Weeks like this are difficult: time bound by circumstance, every moment circumscribed by factors neither of one’s making nor within one’s control. Digging out from under two feet of snow now rapidly hardening into ice in this bitter cold, and it feels as though our worldview is limited mostly to white, touched here and there with mud brown, and lit bright enough by the sun’s glare to blind mere mortal eyes.
In the still severely-curtailed hours that constitute daylight, it’s hard to hold onto a sense of reality, of a world well-rounded and full.
It is, perhaps, why I’ve reached for the raptors this week. It seems counterintuitive, from these spirits of the skies, but the great birds ground me, help me find my place again in this world. They remind me that while in recent days, we’ve barely had time to look up, this world remains waiting for us. It will be here — earth and sky, winds and storm, sun and moon and stars — indeed, is here, even when its existence is lost on our small and simple sensibilities.
And they have come to visit, sometimes only for the briefest of moments, but they show themselves: the kestrel whose name my grandfather bore; the two red-tails whose land this also is, and whose task it seems to be to guard it, and us.
And so for today’s featured work, there was really only one possibility for this day, a day now rapidly fading into night, a day vanished beneath the weight of tasks that have kept us both preoccupied from one moment to the next. It is one of Wings’s pieces that invokes the powers of the raptors, and of the night skies over which they preside. From its description in the Necklaces Gallery here on the site:
Constellation Necklace
The hawk’s eye sees Mother Earth from the height of the stars: a sweeping panoramic view in 360 degrees. Occasionally, her spirit shares a part of that view with us in visions and dreams. Here, that visionary spirit rests in a hand-scalloped bezel, embraced front and back by a constellation of guiding stars formed up in a sacred number. On the reverse, an ajouré star allows her translucent blue eye, the color of darkening sky, to rest against the body. The pendant, wholly Native in its imagery, hangs suspended from a multi-strand necklace of cut-glass African beads in the colors of the stone, two indigenous cultures from opposite sides of the earth linked by a bail of flowering petals. Beads 22 inches long; pendant 2.5 inches long (including bail) by 2-1/8″ wide; cabochon 1″ across (all dimensions approximate). African beads by Kenyan artisans in support of hospital and education programs on Lamu Island. Other views shown below.
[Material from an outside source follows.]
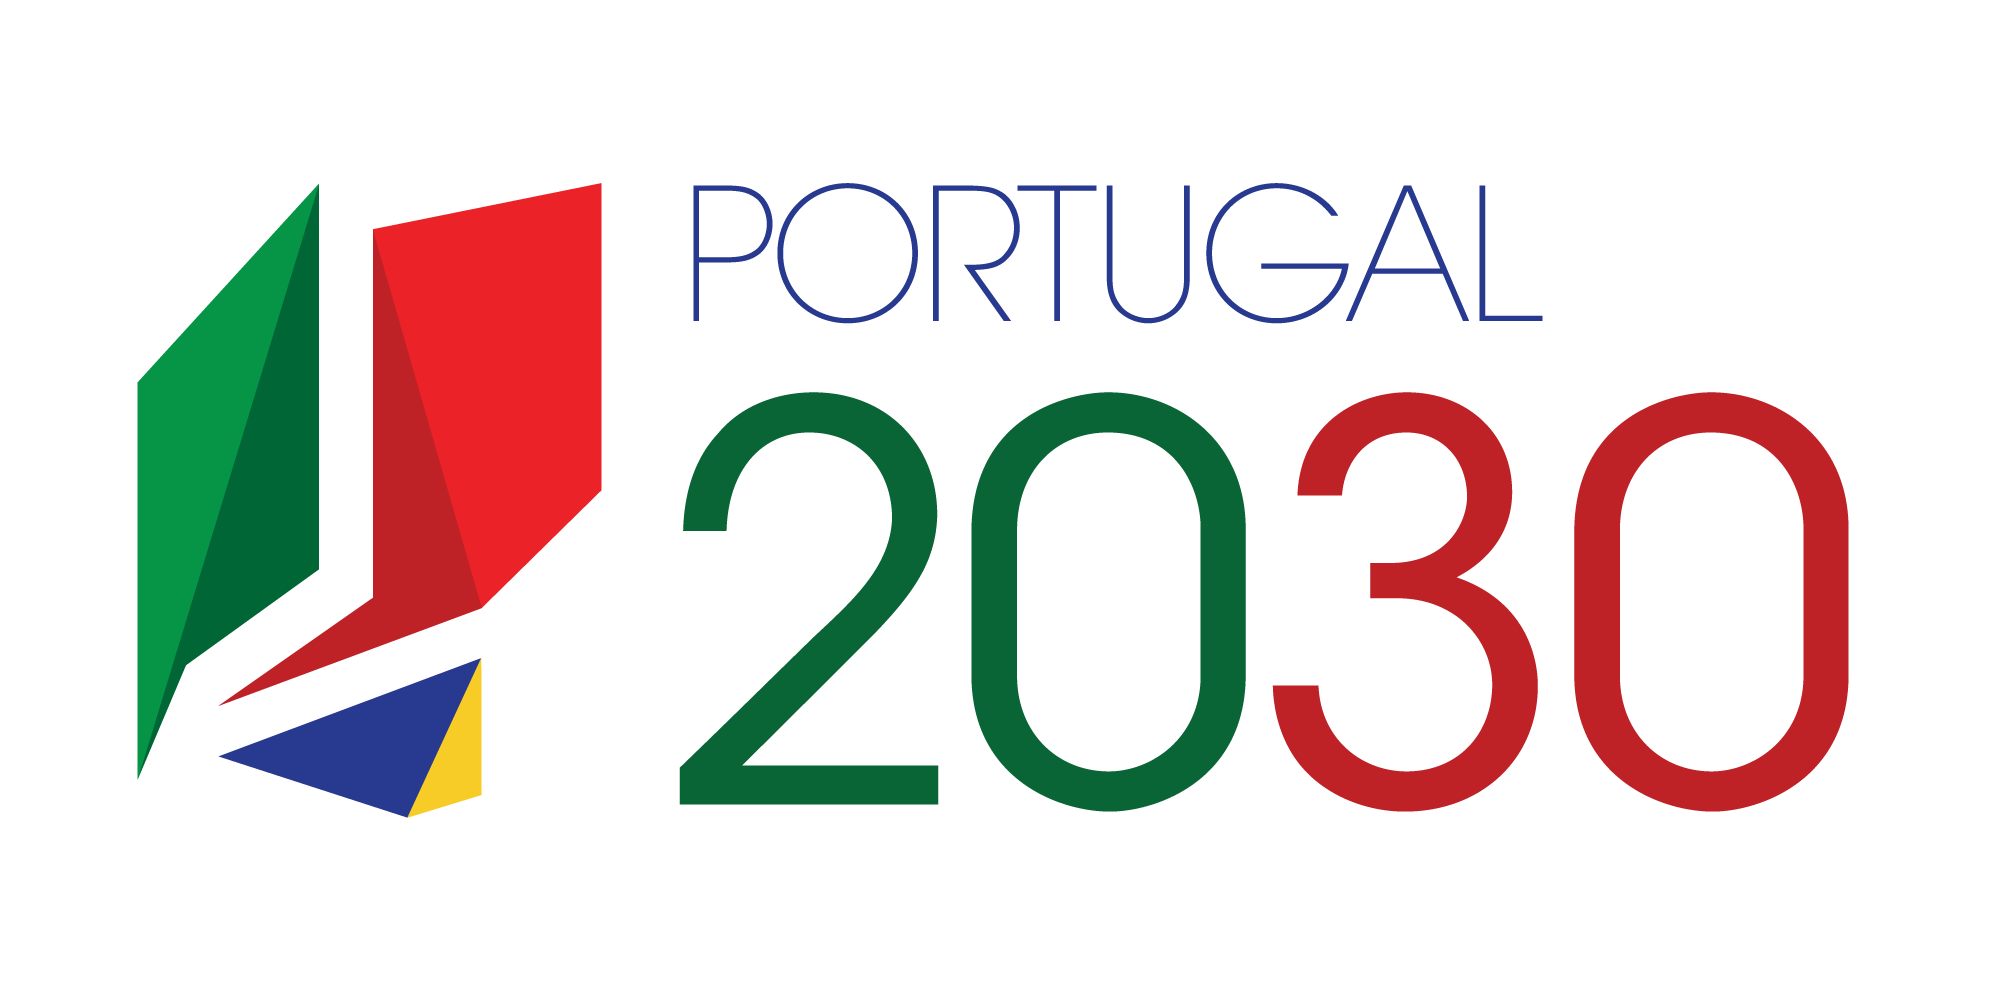 Novo Portal Portugal 2030

Sterling silver; hawk’s eye; cut glass African beads
$1,250 + shipping, handling, and insurance
It is one of my favorites among his current works, for so many reasons: the powerful bird its stone represents, the spirits of the night sky that light our way. But with this particular piece, there is another reason, too, one that grounds me in a different way.
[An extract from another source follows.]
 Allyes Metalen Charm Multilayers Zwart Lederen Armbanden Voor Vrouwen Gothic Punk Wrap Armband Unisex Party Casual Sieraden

It’s explained by the penultimate sentence in the description: It incorporates beadwork from half a world away, beadwork that we purchased to help a brilliant young restaurateur in Santa Fe send funds to his home island, where education and medical assistance are much needed. On the rare trips that we make to Santa Fe to deliver an order or to pick up supplies, we eat at his restaurant to support his work, and now that he has opened a boutique, we patronize it as we’re able as well.
In the fuss and flurry of everyday life, it’s easy to forget that we have other responsibilities, obligations to the wider world, as well. Sometimes, it is our brothers and sisters on the other side of Mother Earth, in faraway lands that we will never see, who need our assistance. Sometimes, it is they who aid us, whether they know it or not.
On the back of this piece, Wings excised the metal in the shape of the Morning Star that accents the work, front and back, allowing the stone to touch the skin. It feels like a way of bringing Hawk’s view of the world, fuller and more rounded than any we will ever see, home to one’s own soul. When the days are yet short and the nights long, when our paths are only dimly lit by stars so far away, it’s a reminder the world is there for us, waiting.